Generating Alternative Output Formats
Not only can the publishing process produce standalone HTML pages: static print style document formats, such
.docx or PDF documents, can also be generated. Note that not all output formats will support interactive outputs.
A wide range of examples of how to achieve particular effects are provided in the pages that follow. However, it is important to note that this is not a statement of how things MUST or even SHOULD be done.
As Norman Bodeck remarked in the publisher’s foreword to the English translation of Taiichi Ohno’s Toyota Production System: Beyond Large-Scale Production:
[F]or many years, [Taiichi Ohno] would not allow anything to be recorded about [the Toyota Production System]. He claimed it was because improvement is never-ending — and by writing it down, the process would become crystallized.

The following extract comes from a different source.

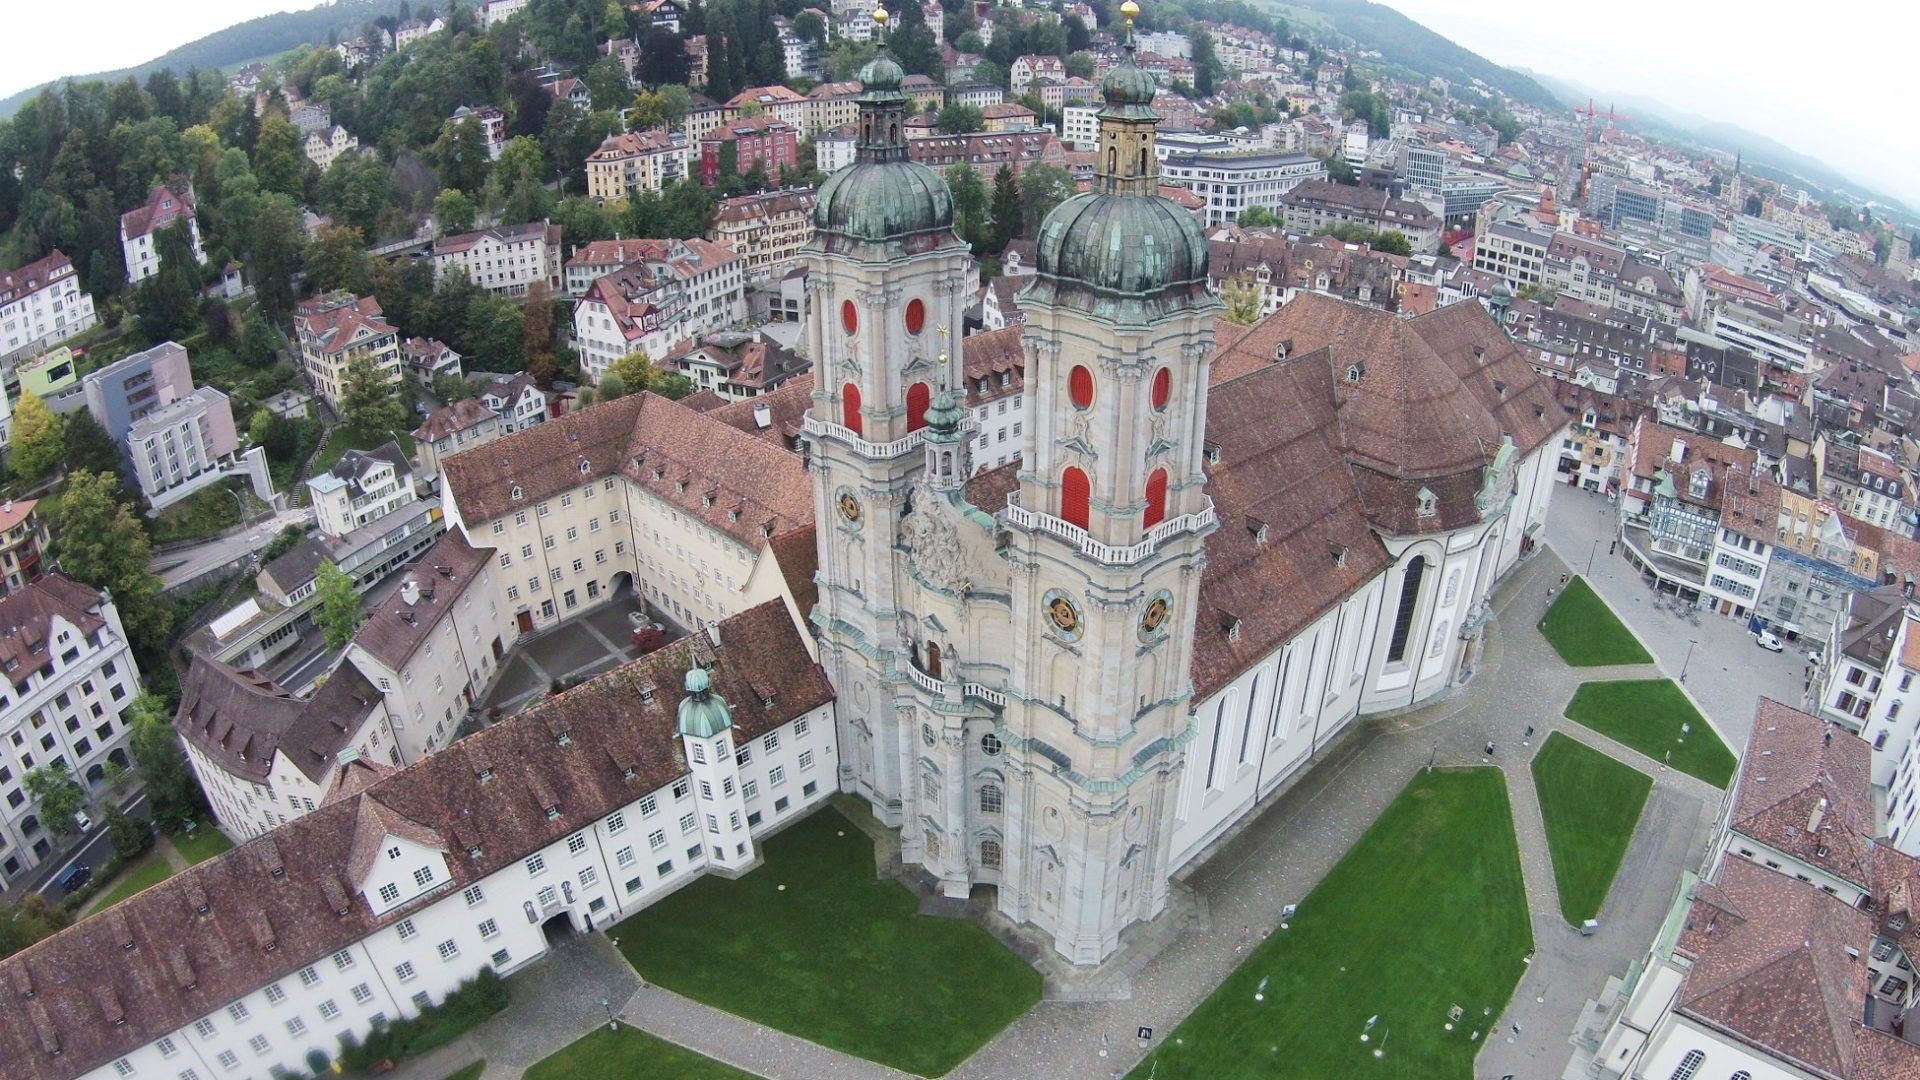 Kathedrale St. Gallen mit Verwaltungsgebäuden des Bistums.

The same is true of the examples herein: they often show how not to do it. For each block of code provided to demonstrate and example, in many cases that code should be further abstracted into a single line callable function so that the next time a similar effect is required, it can be achieved more simply with just a line at a time, or the invocation of a simple bit of (new) magic.
If anyone were to comment that “the code gets in the way” of the presentation, they have missed two foundational points about this book.
First, the code in code cells need not appear in the output anyway - it exists primarily to produce the output.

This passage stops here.